Over the last two years I've allowed myself to slip back into suffer-mode. And when it's suffer-for-a-cause-mode, it's not any better. Ridiculous.

When I left Ontario three years ago and went on my Great Road Trip # X out of a Zillion, I didn't realize why I did it until much later. Again, the clarity came in that critical time in Northern California three or so months into it. I've written about it before: I saw that in my process of healing I had come to love myself, I had made choices that reflected self-love, and I was happy.

Chatting with a friend this morning who was gracious enough to sit and listen to my story, I heard it again and got a new lesson from it: you can write I Love You on your bathroom mirror every day for a year, give yourself notes in your lunch box, and really feel it too. It doesn't go that far. If you make choices that are fundamentally abusive, if you constantly seek to change yourself in a way that implies that your current 'you' isn't good enough - that's not love. It's a juvenile crush. You need real, mature love from yourself, and that is: Acceptance.

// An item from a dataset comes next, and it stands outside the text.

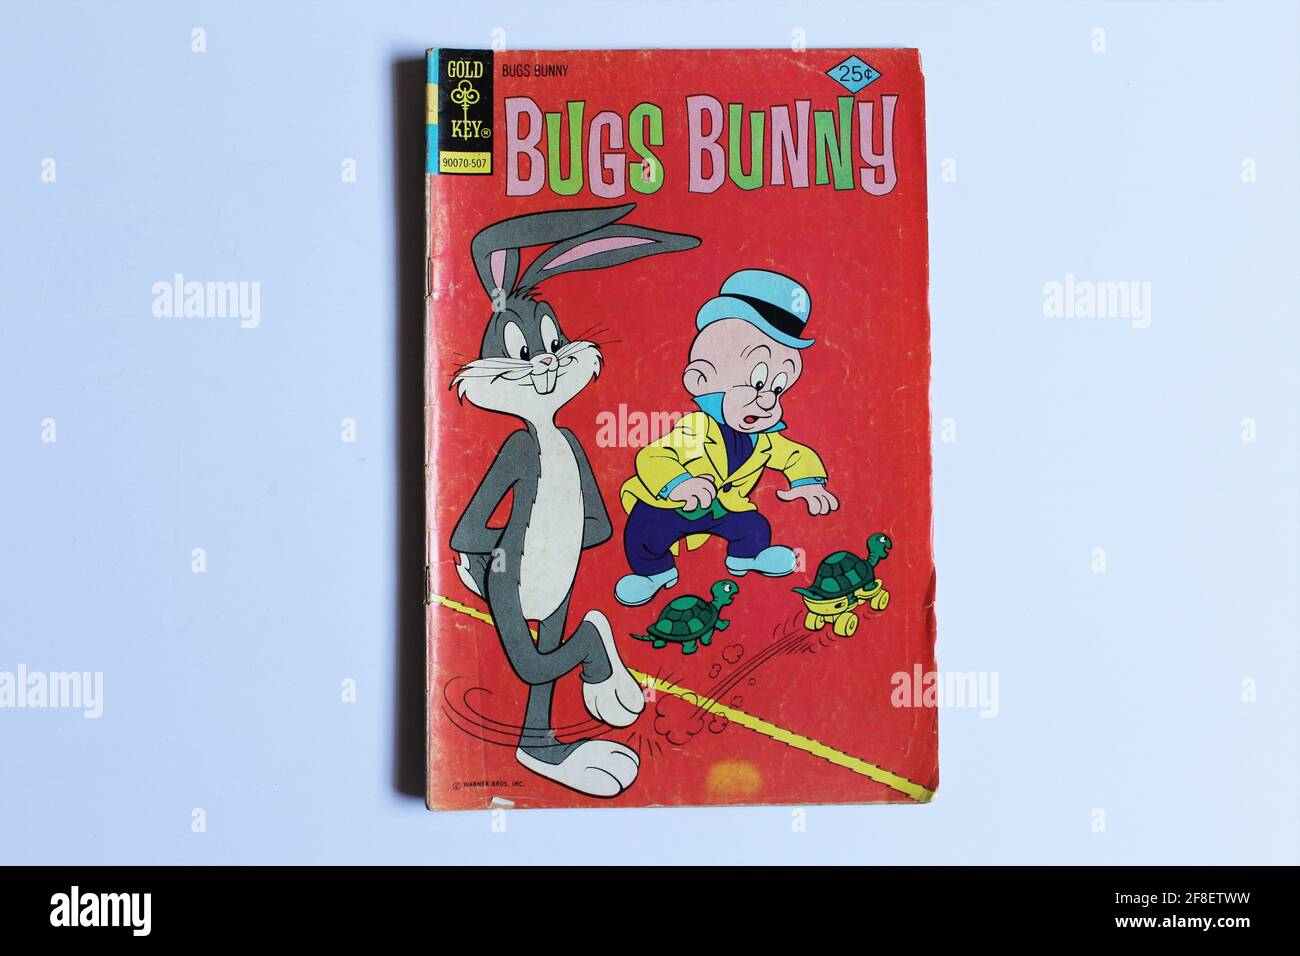 BUGS BUNNY #164 bande dessinée. Les aventures de la célèbre Warner Bros. Personnage de bande dessinée Bugs Bunny par Gold Key Comics Banque D'Images

Once you've accepted your Self - everything flows from that - you can (and will) make choices that are in acceptance and recognition of the real you.

Heading back to my tuff little town this afternoon, slightly transformed by travel and joy. Slightly awakened, perhaps, again, not to something, but by it; by my choice to take a few weekends of my September, and enjoy myself. No "I love you's" needed. The writing is on the wall.

But now - what choices flow from that?